Глеб Успенский - Больная совесть
Кудиныч старый воин и добрая душа! Я часто посещаю Кудиныча (он у нас караульщиком на огороде), веду с ним разговоры и решительно жалею его… Что за существование?.. Он обыкновенно сидит в своей караулке, что-нибудь тачает, или штопает, или жует свою печеную картошку, кровью выслуженную на войне, приговаривая всякий раз: «господь напитал – никто не видал, а кто видел – не обидел…» Это – человек, который сам действительно мухи не обидит. А сколько он обидел на своем веку народу, и все народу, по его мнению, доброго, хорошего!.. «Много мы их тогда перебили… народ все чистый, ладный народ, ничего!» – скажет он иной раз, заговорив о войне и о своих подвигах; но, отделавшись от них, он почти не интересуется ими и толкует о них редко. Отдыхая теперь на спокое, он живет сам по себе – и вот, послушав раз-другой его разговоры с мальчишками, я вполне убедился, что «сам по себе» он совсем другой человек… Посмотрим, что его интересует, какими небылицами набита его голова.
– И горит, братец ты мой, – рассказывает он босоногому мальчишке, – этот самый гац без фитиля и без лучины… И как бы ты думал, откудова он идет, этот гац? – вопрошает он удивленного слушателя и, долго помолчав, почти с ужасом произносит: – Из собаки! да! Из дохлой, из падали из собачей!.. Наберут дохлятины, сейчас ее в особое место, – в варку, – ну а из варки она уж и выфыркнвает полымем… Значит, этот дух… например, жар… стало быть, эта сволочь самая…
Или рассказывает о том, что близ Ярославля один дьякон откопал мешок с тараканами; они лежали в земле тысячу лет – и живы!.. Дьякон будто бы тотчас же явился с этим мешком в собор и подал его архиерею на самом амвоне, за что вышла из Петербурга награда. Он верит, что в Киеве существует мост на двадцать верст длины, вылитый целиком из железа, что если зайцу отстрелить хвост и зарядить этим хвостом ружье, то ружье будет стрелять без промаху.
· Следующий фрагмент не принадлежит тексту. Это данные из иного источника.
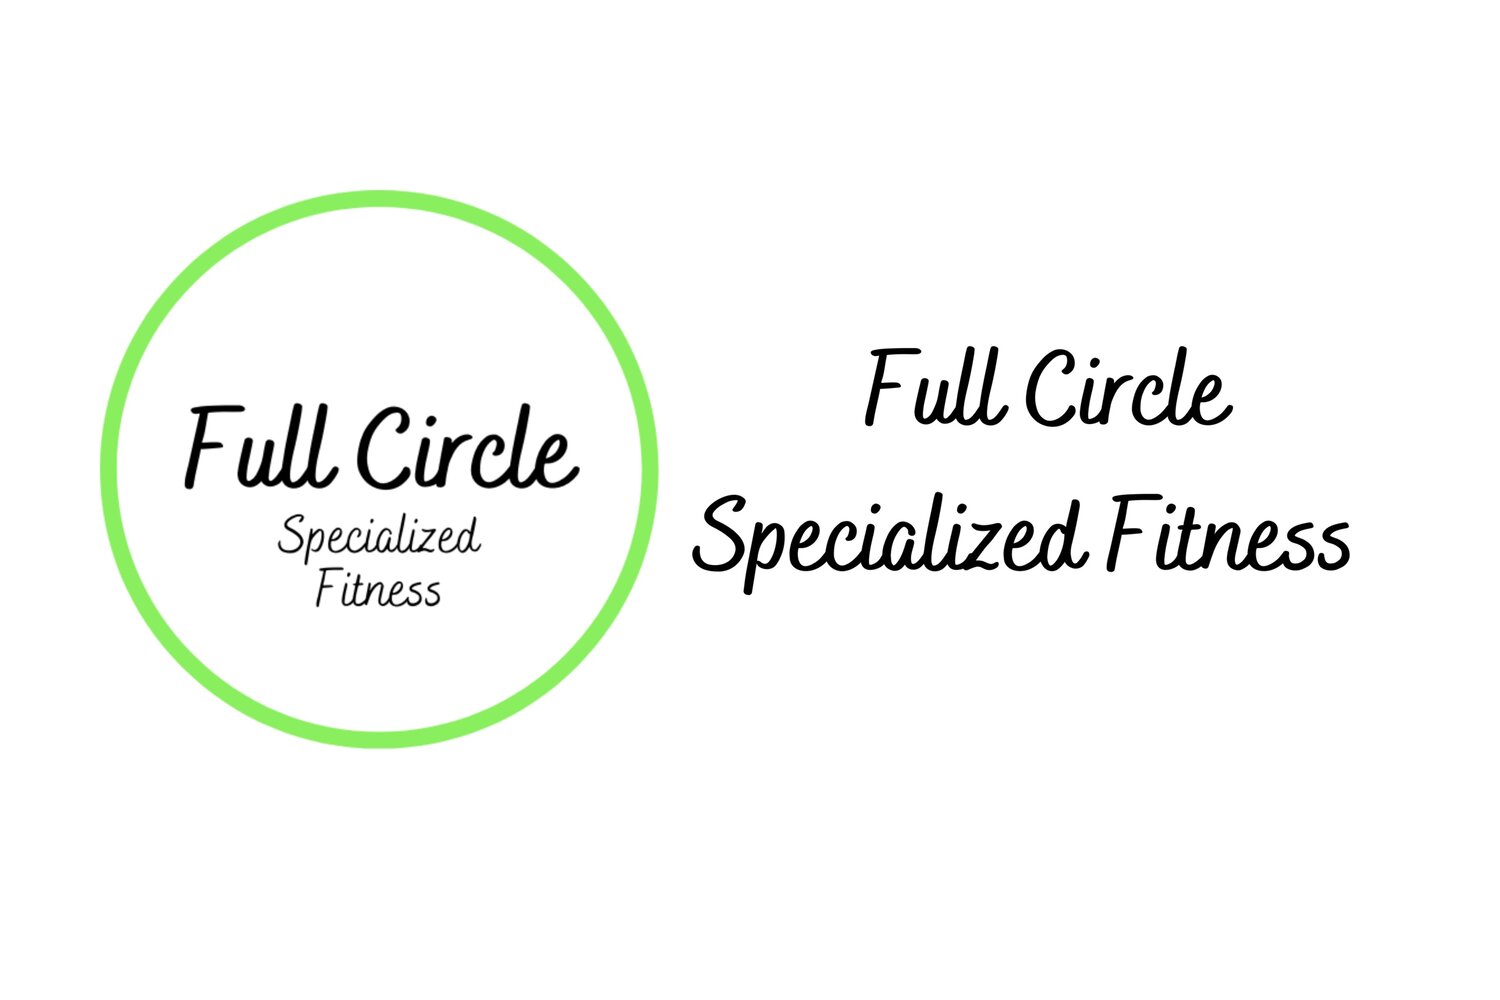 Full Circle Specialized Fitness

Удивление его всем этим чудесам, в которых одна «премудрость», ничуть не меньше удивления его деревенских слушателей ребят; да, он ребенок – добрый, тихий, религиозный (в молодости он намеревался поступить даже в монахи)… Но все эти личные его качества – теперь на возрасте десятилетнего ребенка. Почему же им не суждено было развиваться? Почему в видах высшей пользы они должны были замениться совершенно другими качествами… и притом какими?.. Я часто пытался разузнать, какая сила таскала его по черкесам и по венгерцам, и признаюсь, кроме слов «там, брат, не разговаривают», я почти ничего не слыхал, объясняющего дело. Один только раз, как мне показалось, он произнес магические слова своего знамени. Это была солдатская песня такого содержания:
Мы с героем – дети славы
. . . . . . .
Есть у нас своя семейка
Невеличка и добра.
С нею жизнь для нас копейка —
Сухарь, чарка и ура![2]
Но когда я захотел потолковать с ним насчет этой песни, то оказалось, что он в ней понимает очень мало и сердится, так что разговор пресекся на первом слове. Прежде всего он произнес не «с героем дети славы», а с «хероим». Когда я спросил: что это значит? он насупился и отвечал уже – «херуфь»; на вопрос, что означает это слово, он еще более насупился и забурчал:
– Как что значит? Вас учили в училищах?
– Учили…
– Так вы сами, кажется, должны понимать, что и чем и как…
– Ей-ей, не понимаю…
– А видали в церквах…
– То хоругвь…
– Ну да. Я и говорю про то… Чего ж вам тут все не месту? Мы люди неученые… Небось, вас терли, терли мочалкой-то в науках…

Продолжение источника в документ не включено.